In online transactions, if identity identification is not carried out, the third party may impersonate the identity of one party to destroy the transaction, destroy the reputation of the counterfeited party or steal the transaction results of the counterfeited party. After identification, the two sides can prevent mutual suspicion.

4. Deliberately deny the facts

Due to the ever-changing commercial conditions, once a commercial contract is signed, it cannot be denied, otherwise it will inevitably harm the interests of one party. Therefore, e-commerce puts forward corresponding security control requirements.

(1) Legal security of e-commerce. With the continuous development of international informatization and network evolution, there are more and more cases of using computer networks to commit crimes in the field of e-commerce, and the modes and means of crime are constantly being renovated.

(2) Legal issues in electronic contracts.
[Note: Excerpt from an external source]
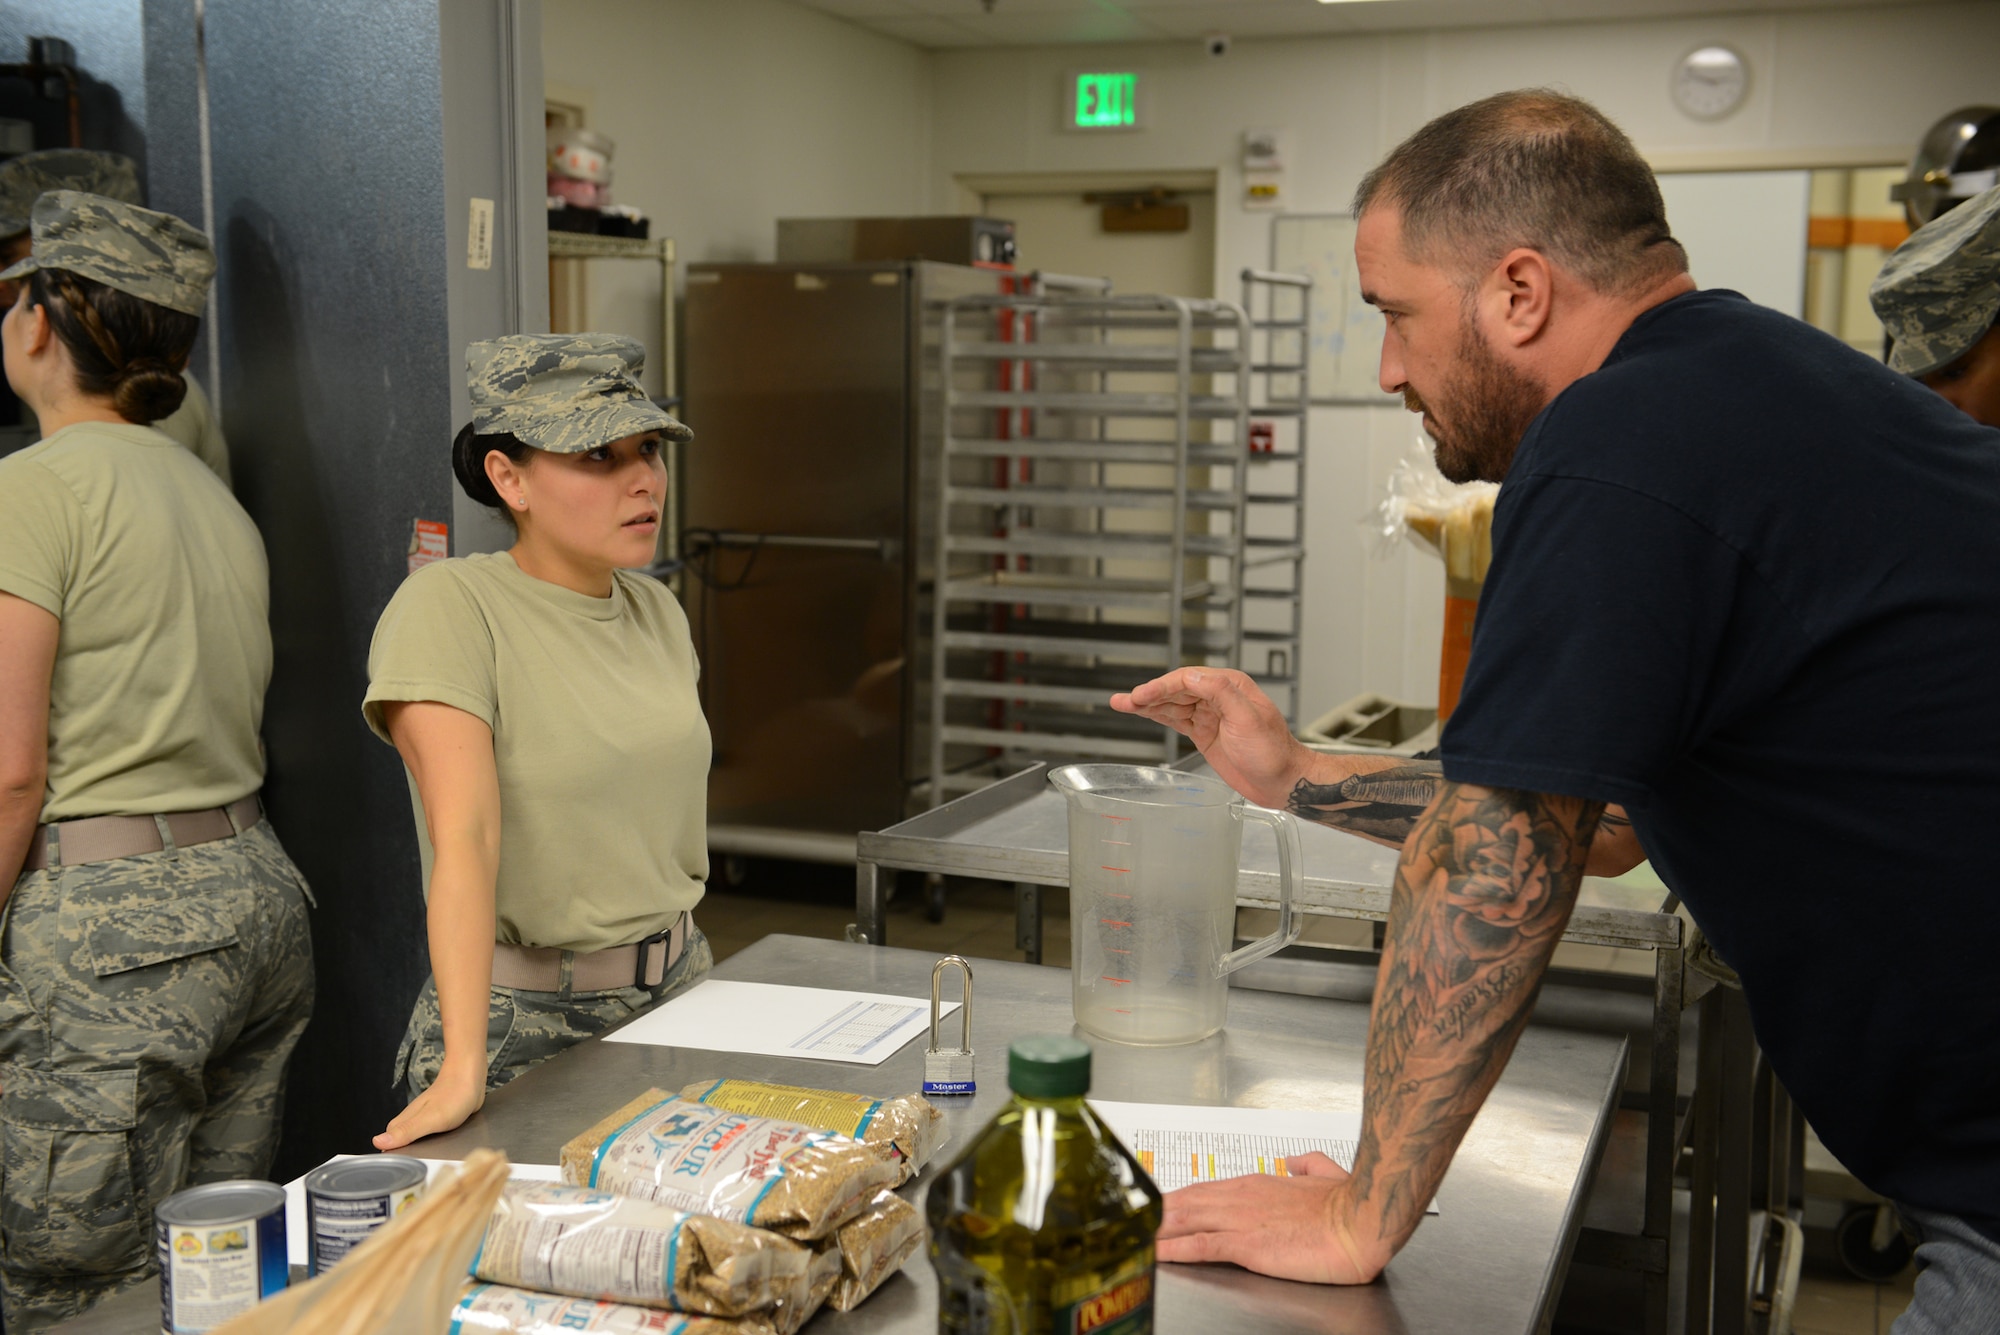 Chef Darryl Moiles explains meal preparation instructions to Senior Airman Secilia Peraza, 90th Force Support Squadron missile field chef, Sept. 6, 2017, at Malmstrom Air Force Base, Mont. Missile field chefs from Malmstrom, Minot AFB, N.D, and F.E. Warren AFB, Wyo., prepared food for the base under the guidance and mentoring from Chefs Robert Irvine and Moiles. (U.S. Air Force photo/Staff Sgt. Delia Martinez)

E-commerce contracts are signed between computer systems in different locations. The laws of many countries require that there must be written transaction documents as proof of the validity of the transaction and as evidence of the transaction; Otherwise, this contract is invalid. Whether an electronic contract can be regarded as a written contract and obtain the same effect as a written document is an unsolved problem in the laws of various countries. Compared with traditional written documents, electronic documents are unstable, and some external interference to computer networks may cause information loss, damage and change.

(3) Legal issues of e-banking services. Banks are the ultimate executors of electronic payment settlement, and play the role of a link between buyers and sellers. However, for some banks engaged in electronic money business, criminals forged electronic money, which brought direct economic losses to banks.
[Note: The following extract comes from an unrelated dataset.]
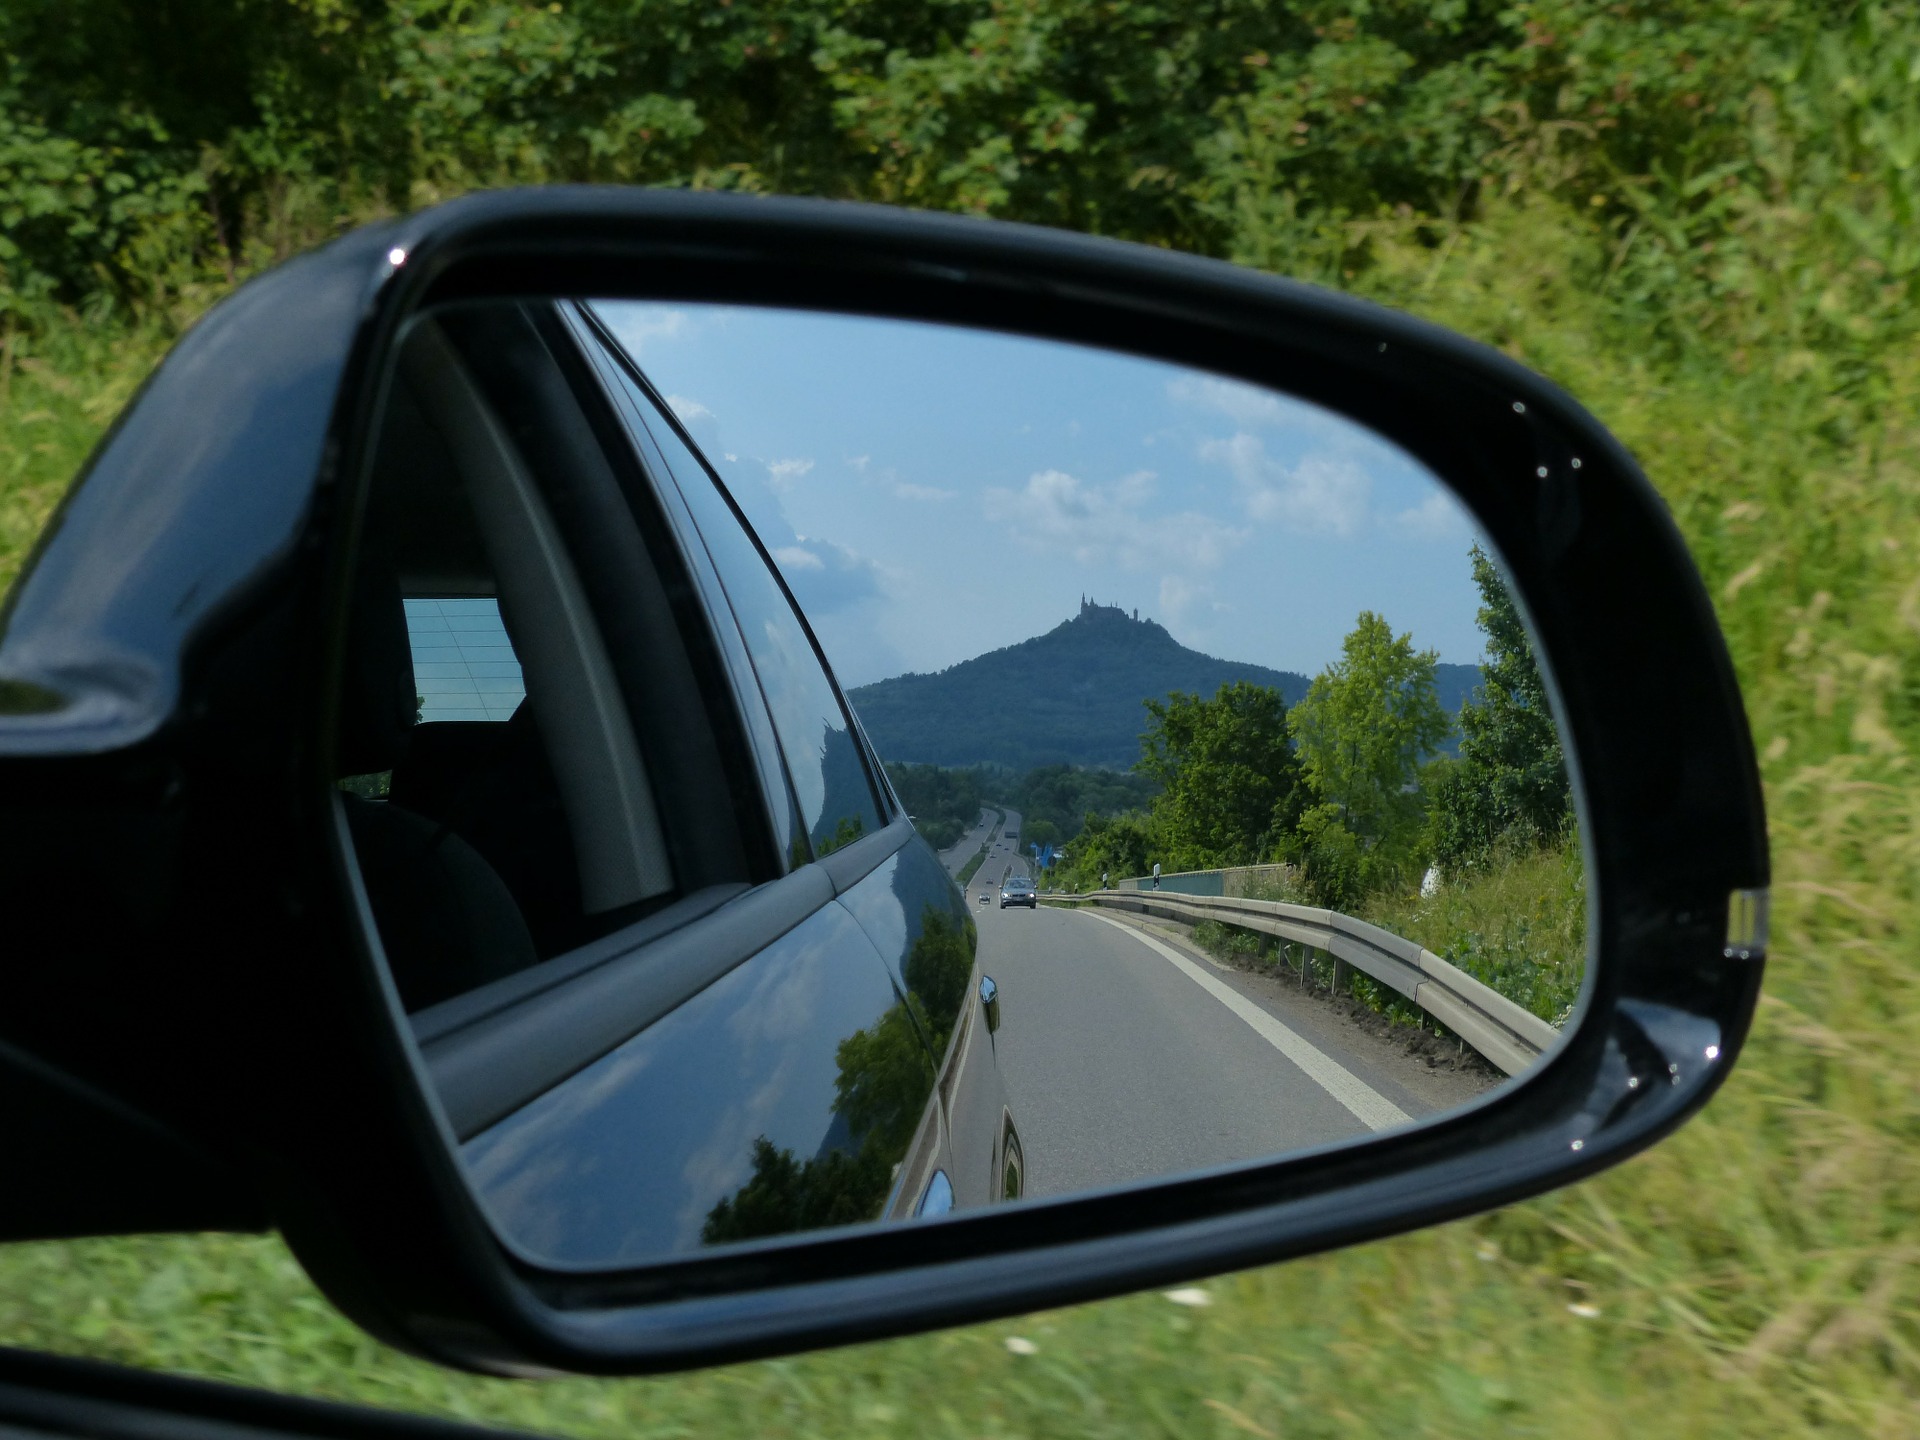 Farewell to image in rearview mirror

(4) Legal issues of electronic fund transfer. The law of electronic fund transfer is a special problem, but the paperless payment and settlement method of electronic bills authenticated by digital signature is not recognized in Bill Law at present. And the payment is irrevocable, and the payer or the third party cannot request to cancel the completed electronic fund transfer.

(5) Intellectual property protection in e-commerce. The transaction objects and behaviors in e-commerce activities often involve the traditional intellectual property field.

(6) Protection of consumers' rights and interests in e-commerce. New trading methods such as e-commerce bring various new rights protection issues to the protection of consumers' rights and interests. With the progress of science and technology, a large number of new products appear, and the contradiction of lagging consumption knowledge is more prominent.

legal ground

Electronic Commerce Law of the People's Republic of China

Article 9 E-commerce operators mentioned in this Law refer to natural persons, legal persons and unincorporated organizations engaged in selling goods or providing services through information networks such as the Internet, including e-commerce platform operators, operators within platforms and e-commerce operators selling goods or providing services through self-built websites and other network services.

E-commerce platform operators mentioned in this Law refer to legal persons or unincorporated organizations that provide online business premises, transaction matching, information release and other services for two or more parties to independently conduct transactions in e-commerce.

The term "in-platform operators" as mentioned in this Law refers to e-commerce operators who sell goods or provide services through e-commerce platforms.

Article 53 The parties to e-commerce may agree to pay the price by electronic payment.

When providing electronic payment services for e-commerce, electronic payment service providers shall abide by state regulations and inform users of the functions, usage methods, precautions, related risks and charging standards of electronic payment services, and shall not attach unreasonable trading conditions. Electronic payment service providers shall ensure the integrity, consistency, traceability and non-tampering of electronic payment instructions.

Electronic payment service providers shall provide users with reconciliation services and transaction records in the last three years free of charge.